Finding general solution of non-linear, homogeneous ODE

[ohspyro89]

Homework Statement

Find the general solution to x³y'''-9x²y''+76xy'=0

Homework Equations

I'm kind of confused on where to start. I'd suppose you'd throw in y=e^mx but I'm not positive since there are Xs in there. Once I know what to do with the x terms, I can just find all the roots and that'll give me Y_c

Using y=y_c+y_p is the right way... right?

The Attempt at a Solution

I haven't got an attempt yet, because I'm unsure how to start!

 

[n1person]

You might want to try a series solution, meaning set $$y = \sum a_n x^n$$ and find the $$a_n$$

 

[ohspyro89]

I have no idea how to do that.

What we have covered is Undetermined Coefficients, variation of parameters, and Cauchy-Euler Equations...

We definitely haven't hit series stuff. Any other ideas?

 

[vela]

If those are the only methods you know so far, you might want to check with your instructor if there's a typo in the problem statement.

 

[ohspyro89]

Woops.

Should be

x³y'''-9x²y''+76xy'=0

 

[vela]

OK, so that's a Cauchy-Euler type of equation.

 

[HallsofIvy]

That is a "Cauchy-Euler" equation. Rather than using $e^{rx}$ you should try $x^r$ as a trial solution.

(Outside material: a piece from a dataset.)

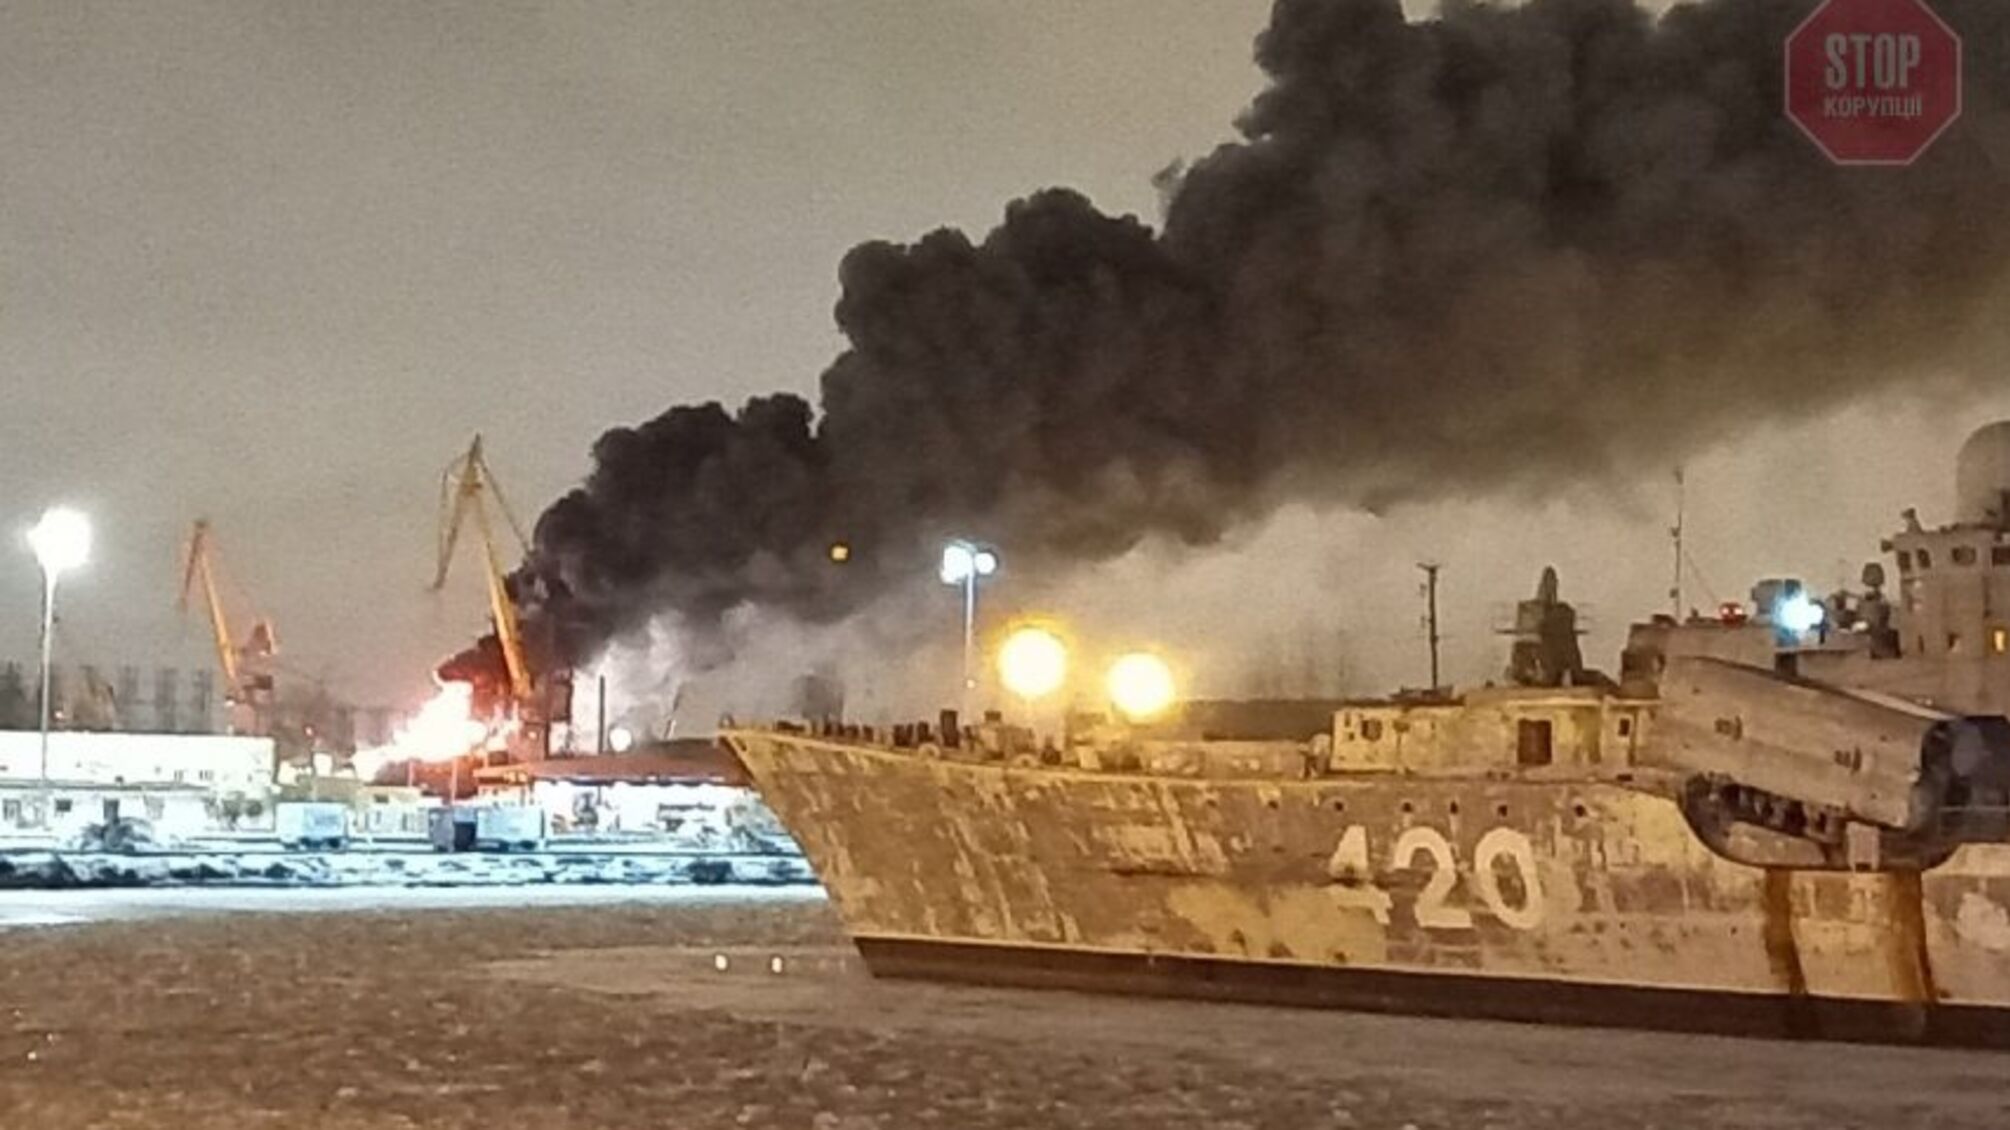 В России на судостроительном заводе загорелся военный корабль, есть пострадавшие (видео)

This is because the substitution t= ln(x) will change this to a "constant coefficients" equation for which $e^{rt}$ is a good trial solution.

If $y= x^r$ then $y'= rx^{r-1}$, $y''= r(r-1)x^{r-2}$, and $y'''= r(r-1)(r-2)x^{r-3}$ so your equation comes to $x^3(r)(r-1)(r-2)x^{r-3}- 9x^2(r)(r-1)x^{r-2}+ 76x(r)x^{r-1}= (r(r-1)(r-2)- 9r(r-1)+ 76r)x^r= 0$. For all x except 0, you must have $r(r-1)(r-2)- 9r(r-1)+ 76r= 0$. Of course, it is easy to see that r= 0 is a solution to that so it quickly reduces to a quaratic.

 

[ohspyro89]

Thanks! I'm sure I'll be back with more questions on this problem.

But for another one, am I correct when doing undetermined coefficients that for 50e^6x-14cos(x)-175sin(x) that M=6, +-i, +-i?

 

[Ray Vickson]

Woops.

Should be

x³y'''-9x²y''+76xy'=0

It might be simpler to let y' = z and divide both sides by x (for x =/= 0), to get:
x^2 z'' - 9x z' + 76 z = 0.

RGV

 

[ohspyro89]

Am I on the right track?

Also, do I just derive the final function since I substituted y'=z?

 

[vela]

You made a mistake applying the quadratic equation.

To find y, you integrate the function you get for z(x). You may find you would have been better off finding y(x) directly.

 

[ohspyro89]

Well, I took the advice as it looked easier, but I see what you mean. Integrating this is stupid, thank god for TI-89.

I'm getting a terribly ugly answer though, but I think it's correct.

 

[ohspyro89]

How's this look? I fixed the quadratic I think.

 

[vela]

You dropped the arbitrary constants when you integrated. You still need them in your final answer, and you can absorb those numerical constants on each term into them. Other than that, it looks good.

You should try substituting the solution back into the original DE to make sure it works.

 

[ohspyro89]

Oh, I forgot to put them back in once I got the integral off of my calculator.

Will do though, thanks for the help! Differential equations will be the death of me, I'm tired of getting terrible grades.

 

[TylerH]

Wolfram Alpha is also good for checking answers.